Databases 9 min read

Data Migration & Distributed Transactions: XA, BASE, TCC, AT Guide

This article explores strategies for seamless data migration—including full, incremental, and binlog‑based approaches—and examines distributed transaction models such as XA, BASE, TCC, and AT, outlining their components, workflows, advantages, challenges, and supporting tools like Seata and Canal.

Efficient Ops
Efficient Ops
Efficient Ops
Data Migration & Distributed Transactions: XA, BASE, TCC, AT Guide

Preface

By vertically or horizontally splitting data we solve capacity and performance issues, but face data migration and consistency challenges.

Data migration must consider fast, smooth, zero‑downtime migration and post‑migration integrity verification.

Data consistency requires deciding whether distributed transactions are needed; if so, choose between XA or BASE‑style flexible transactions.

Data Migration

Data migration is prone to failures; it should be smooth, accurate, fast, minimize downtime, and have low business impact, especially with heterogeneous data structures.

Full Migration

The full migration process:

Business system downtime.

Database migration and data consistency verification.

Business system upgrade and connection to the new database.

Drawbacks of Full Migration

Requires business system downtime.

Long migration time, greater impact on business; heterogeneous data may need custom programs, extending duration.

Full + Incremental Migration

This method relies on the data creation timestamp:

Synchronize data up to a recent timestamp (creation time).

Publish system upgrade notice.

Synchronize data changes that occurred after that point.

Upgrade the system and connect to the new database.

Compared with pure full migration, this approach greatly reduces downtime and business impact.

Binlog + Full + Incremental

Binlog combined with full and incremental migration parses and reconstructs data from primary or replica databases, usually requiring middleware tools that support multithreading, resumable transfer, and automatic scaling.

Common tools include Canal and ShardingSphere‑scaling.

Distributed Transactions

XA Distributed Transactions

XA is a protocol supported by the database itself, providing strong consistency.

Components of an XA transaction:

Application Program (AP): defines transaction boundaries.

Resource Manager (RM): e.g., database, file system.

Transaction Manager (TM): assigns transaction IDs, monitors progress, handles commit/rollback.

Key XA interface calls:

xa_start – start or resume a transaction branch.

xa_end – dissociate the current thread from the transaction branch.

xa_prepare – ask RM if it is ready to commit.

xa_commit – instruct RM to commit the branch.

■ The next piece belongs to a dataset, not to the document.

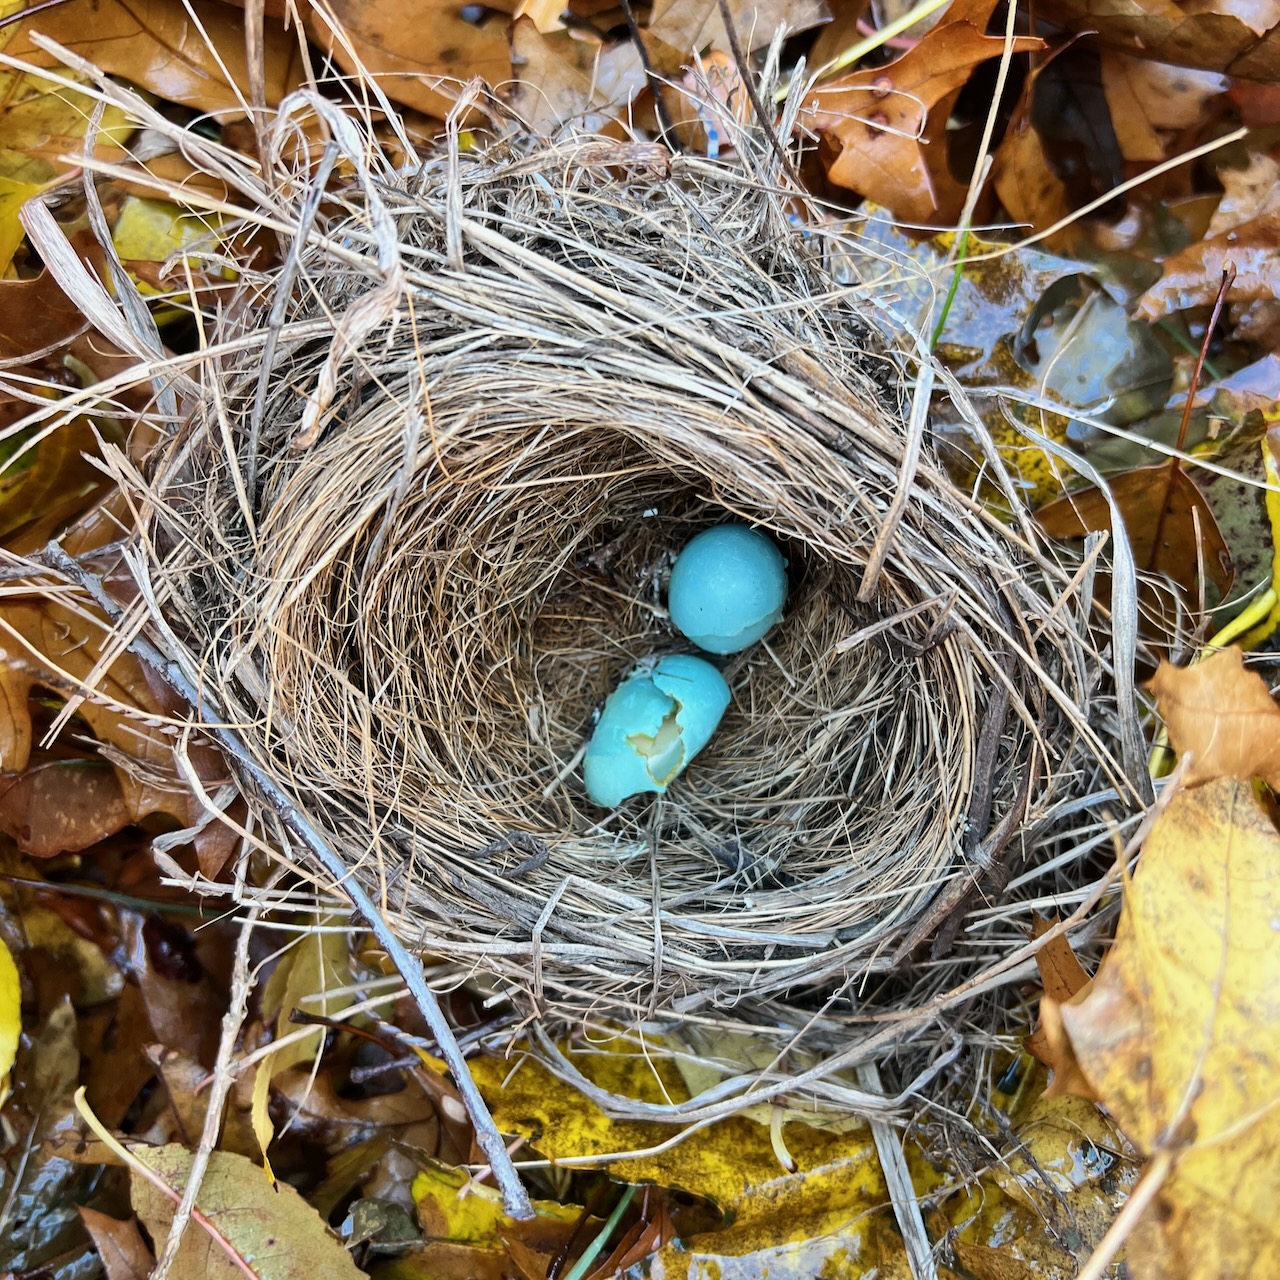 A bird’s nest with broken eggs on top of a pile of leaves.

xa_rollback – instruct RM to roll back the branch.

xa_recover – recover in‑doubt XA transactions.

MySQL supports XA transactions for InnoDB starting from version 5.0.3.

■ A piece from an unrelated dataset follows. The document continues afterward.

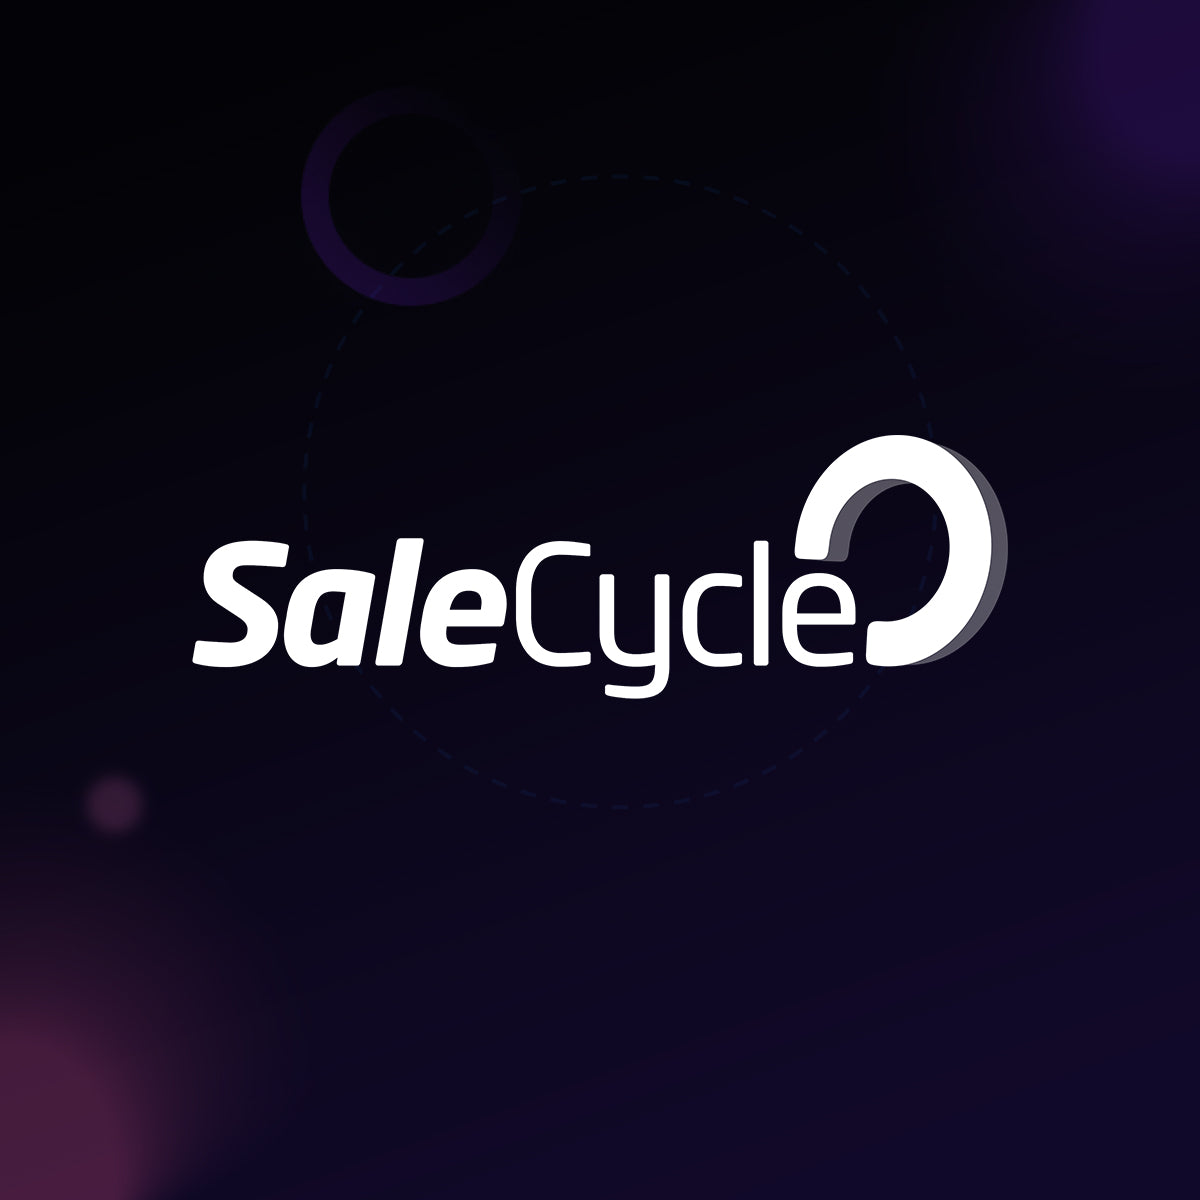 Hire Shopify Experts to integrate SaleCycle app into a Shopify store

Typical XA transaction flow diagram:

Main XA frameworks: Atomikos, Narayana, Seata.

Problems with XA:

Synchronization blocking – global transaction requires all branches to succeed; high isolation levels (SERIALIZABLE) degrade performance.

Single point of failure – TM must be highly available.

Data inconsistency – network failures during two‑phase commit can leave some RMs unaware of the commit.

Flexible Transactions (BASE)

BASE focuses on basic availability, soft state, and eventual consistency, allowing systems to be generally available while achieving final data consistency via mechanisms such as message passing.

Basic Availability – participants may not be online simultaneously.

Soft State – system state may be temporarily inconsistent.

Eventual Consistency – final consistency is achieved over time.

Flexible transaction core idea: move lock handling from the RM layer to the business layer, relaxing strong consistency to improve throughput.

TCC – manual compensation.

AT – automatic compensation.

TCC Overview

TCC splits each service operation into Try, Confirm, and Cancel phases.

Try – reserve resources after business checks.

Confirm – execute business logic using reserved resources; must be idempotent.

Cancel – release reserved resources; also idempotent.

AT Mode

AT is a two‑phase commit that automatically generates reverse SQL for rollback when exceptions occur.

Seata’s support for AT:

First phase records business data and rollback logs in the same local transaction, releasing local locks and connections.

Second phase commits asynchronously; rollback uses the previously recorded logs for compensation.

Transaction Properties under Flexible Transactions

Atomicity – generally guaranteed.

Consistency – temporary inconsistencies may exist, but eventual consistency is achieved.

Isolation – possible dirty reads during intermediate states.

Durability – once committed, data is persisted like a local transaction.